Un microscopio es todo instrumento que permite amplificar la imagen de un
objeto o un ser pequeño.
HISTORIA
La invención del microscopio fue realizada, hacia 1610, por Galileo, según los
italianos, o por Jansen, según la opinión de los holandeses.
Otros investigadores relevantes en el desarrollo del microscopio fueron el médico
italiano Marcello Malpighi y el comerciante holandés Antony van Leenwenhoek.
INTRODUCCIÓN
El microscopio es el instrumento común de aumento del laboratorio clínico.
En función de la fuente utilizada, podemos distinguir dos tipos:
- Ópticos
- Electrónicos
Los ópticos son muy utilizados en el laboratorio clínico para la observación de
células, microorganismos, cristales, reacciones inmunológicas, etc.; por lo tanto
vemos que se utiliza tanto en hematología, microbiología, bioquímica e
inmunología.
FUNDAMENTO DE LA MICROSCOPÍA
Cuando se acerca un observador a un objeto, crece el ángulo visual y éste
parece ser mayor. Sin embargo, por debajo de una determinada distancia (unos
25 cm) entre el ojo y el objeto, éste no se ve con claridad. Este límite se debe a
la capacidad máxima de deformación del cristalino. Si se sitúa entre el ojo y el
objeto un sistema óptico capaz de aumentar el ángulo visual, se podrá ver el
objeto con mayor amplitud y claridad.
PARAMETROS OPTICOS
1. Aumento
Es el número de veces que se ve el tamaño de un objeto por encima de su valor
real.
En el microscopio compuesto, se calcula multiplicando el aumento individual del
objetivo por el aumento individual del ocular.
Se reseña mediante un número seguido del signo “por” (x).
2. Poder de resolución
Es la distancia mínima entre dos puntos que puede distinguirse en el microscopio
y depende de la longitud de onda de la luz utilizada y de una propiedad óptica de
las lentes (objetivo) denominada apertura numérica.
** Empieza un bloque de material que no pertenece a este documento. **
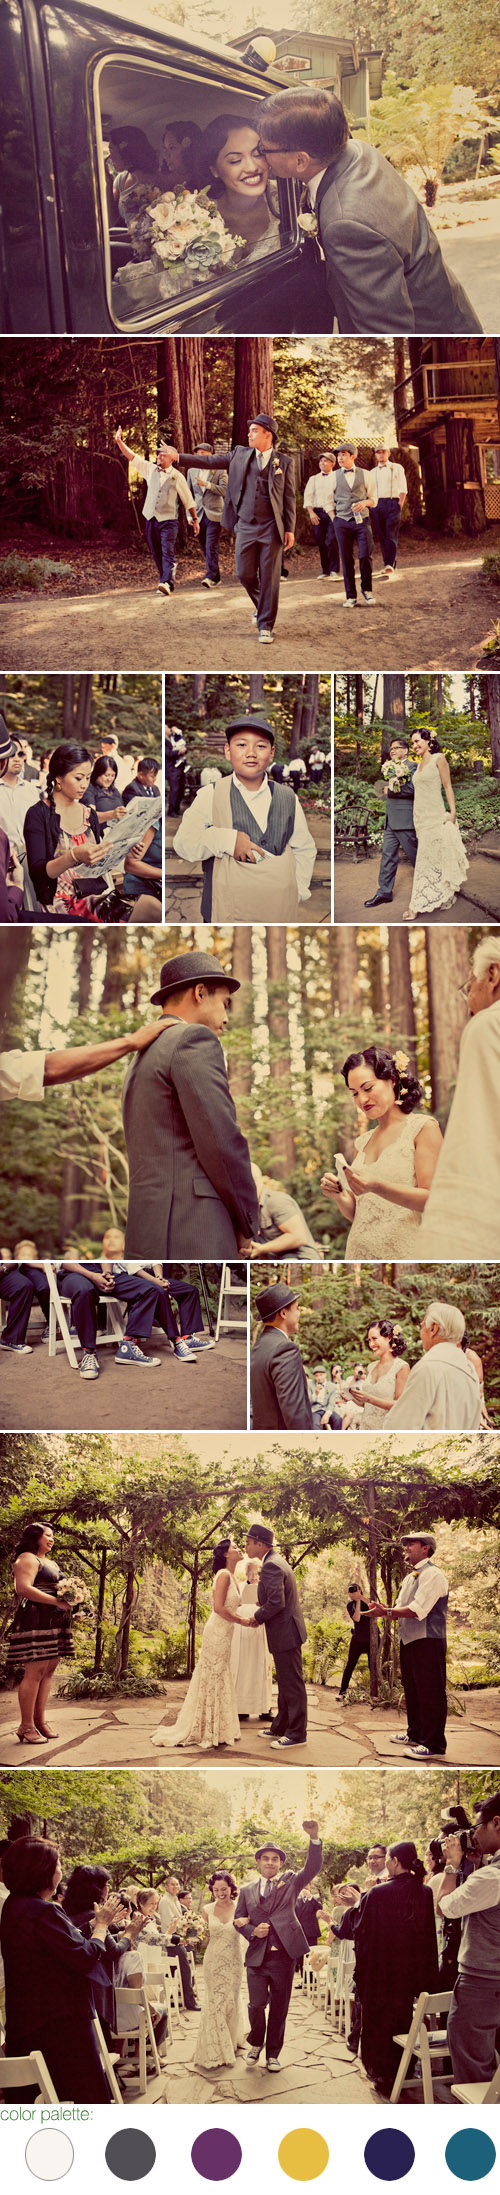 picnic inspired real wedding at Nestldown in the Santa Cruz Mountains, photos by Paco and Betty

Ambos factores vienen
relacionados por la expresión:
λ λ
Límite de resolución (d) = ------------- = -------------------- , donde
2 . AN 2 . IR . sen α
λ - longitud de onda de la luz utilizada.
AN - Apertura numérica, que consiste en la capacidad de la lente para juntar los
rayos de luz proyectada hacia ella.
IR - Índice de refracción del medio (aire o aceite) entre la muestra y la lente.
IR aire = 1 IRaceite >1
α La mitad del ángulo de luz que penetra en la lente (objetivo)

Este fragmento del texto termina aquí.